任务者带着偶人走了。路上,他再度打开弹幕。
此地再无旁人,他挑着回答了几个弹幕上的问题。
“‘真的要走吗?’——真的。我就是觉得,要是一直在这里待下去,太便宜渣男了。”
“‘会不会和应听枝在一起?’——看情况。应道友人不错,可我们现在只是朋友。他帮我,我谢他。在这之外,还没发展出什么其他感情。”
“‘之后是不是有段时间看不到闻狗被虐了?’——大家放心,我会在闻狗身边留一个全景摄像头。对,平台出品,保证让大家三百六十度观赏闻狗惨状。而且,我自己也得知道他在做什么,才好制定接下来一步的计划啊。”
“‘期待闻狗黑化,把星星抓回去■■■■’……哈哈哈,这么一串儿和谐词?注意影响。”
他笑眯眯地答疑,面上没有半点方才在应听枝面前展现出的忧虑。
也不用担心这副模样被天游宫弟子撞见。根据任务者的事先了解,能被选做直播场地的小世界,对“规则”的理解应用都远远比不上和自己签约的平台那边。在土著面前,所有关于“直播”的内容都是被屏蔽的。

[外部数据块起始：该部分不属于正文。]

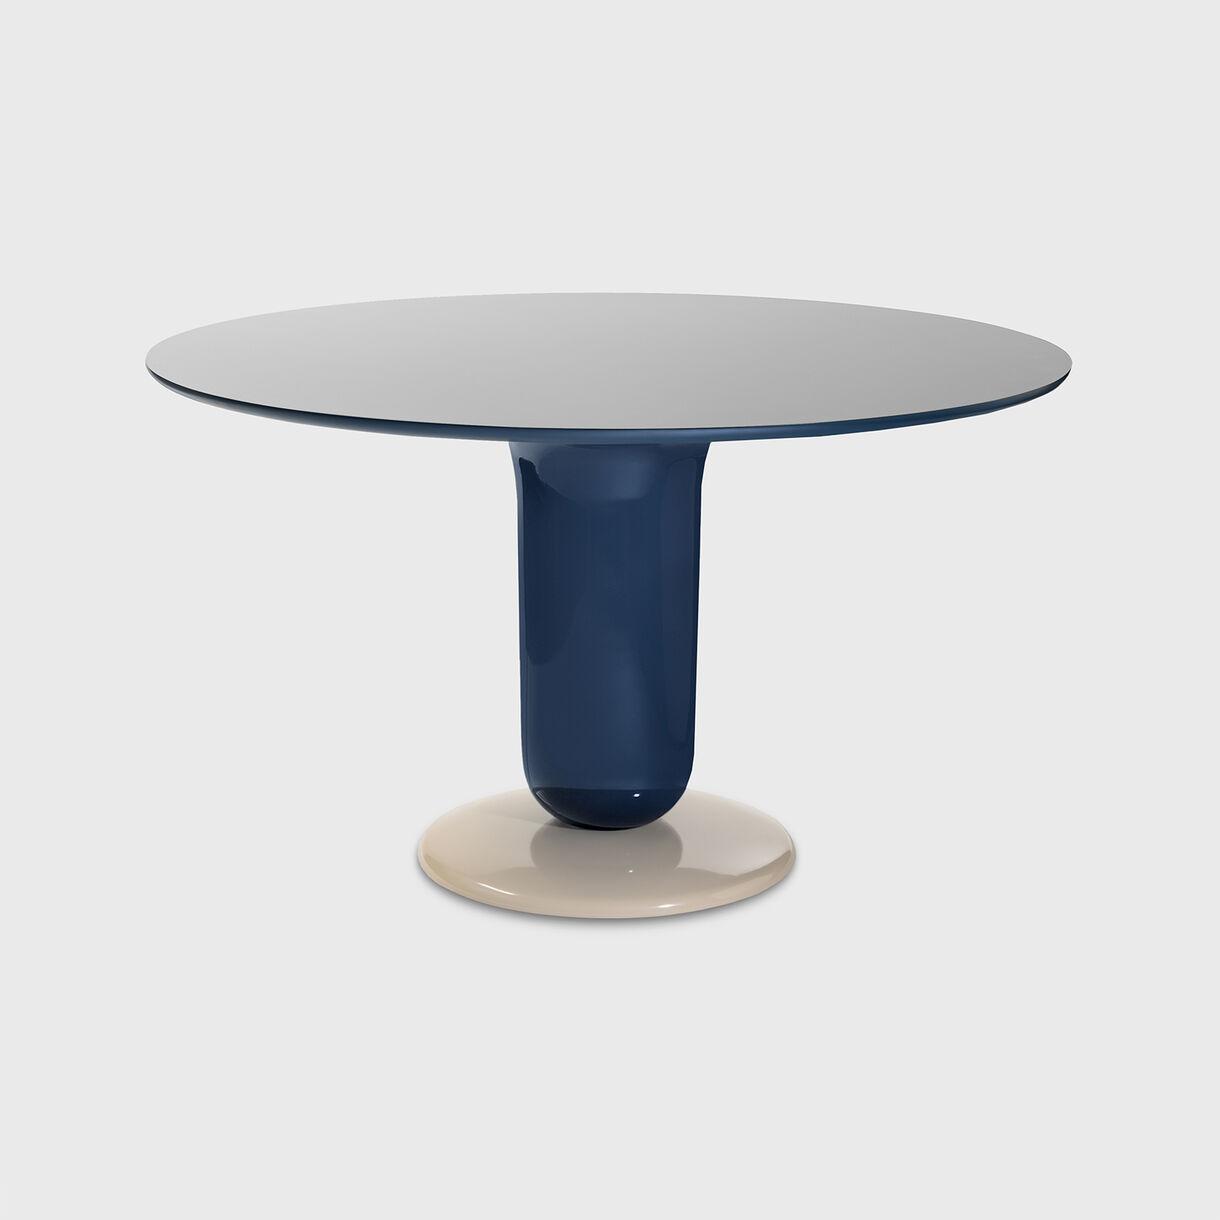 Explorer 4 Dining Table, Multicolour Blue

也就是说,即便真的有人从他面前路过,会看到的,也只是就“岁星”一脸寒霜,走在路上。
他全然没想过,其中的“人”,不包括真正的岁星。
他听着任务者与弹幕的互动,同时,将自己的所见、所闻,复述给玉眠雪。
玉眠雪立刻领悟:“他所谓的‘摄像头’,应该是某种能在远方观测到闻牧状况的法器。”
“就像是千里镜?”岁星想了想,举一反三,“‘平台’,就是给他‘摄像头’的存在。也是它,让他来到这个世界。”
“你能看到他眼前那些东西,听到他讲话,说明你遇到的那位高人,实力应该不输‘平台’。”玉眠雪分析过,对岁星接下来要做的事稍稍放心,“至于他自己,至多有你从前的实力。可对你的身体,却一定不及你自己操控自如。”
“前辈说得是。”岁星笑笑。
玉眠雪看他,见岁星一副信心满满的样子,唇角不自觉地露出一个笑容。
为剑修者,从来不会让弟子后辈躲在自己身后,不遇外敌。
剑修的实力,是在实打实的斗法中提升的。别说岁星了,就连玉眠雪自己,刚入道的时候,也常常满身是伤。
他确信岁星有赢过任务者的实力。接下来的事,就让岁星去做。
两人跟着任务者,一路回了对方现在居住的小院。
按照之前的计划,任务者开始布置。
直接表现得自己在闭关,那就太明显了。所以,任务者的打算是先录一段儿话,把晚上送饭的弟子臭骂一顿,再以“总归我出不去,也不想看到你们这些碍眼的东西”为名义,顺理成章地把自己关在房间里。
而这个录音的过程,也是一个与观众互动的过程。
他嘻嘻哈哈地录着,同时留意弹幕上的文字。
“怎么办,星星骂人的时候也好可爱。”
“骂我骂我!我是闻狗!”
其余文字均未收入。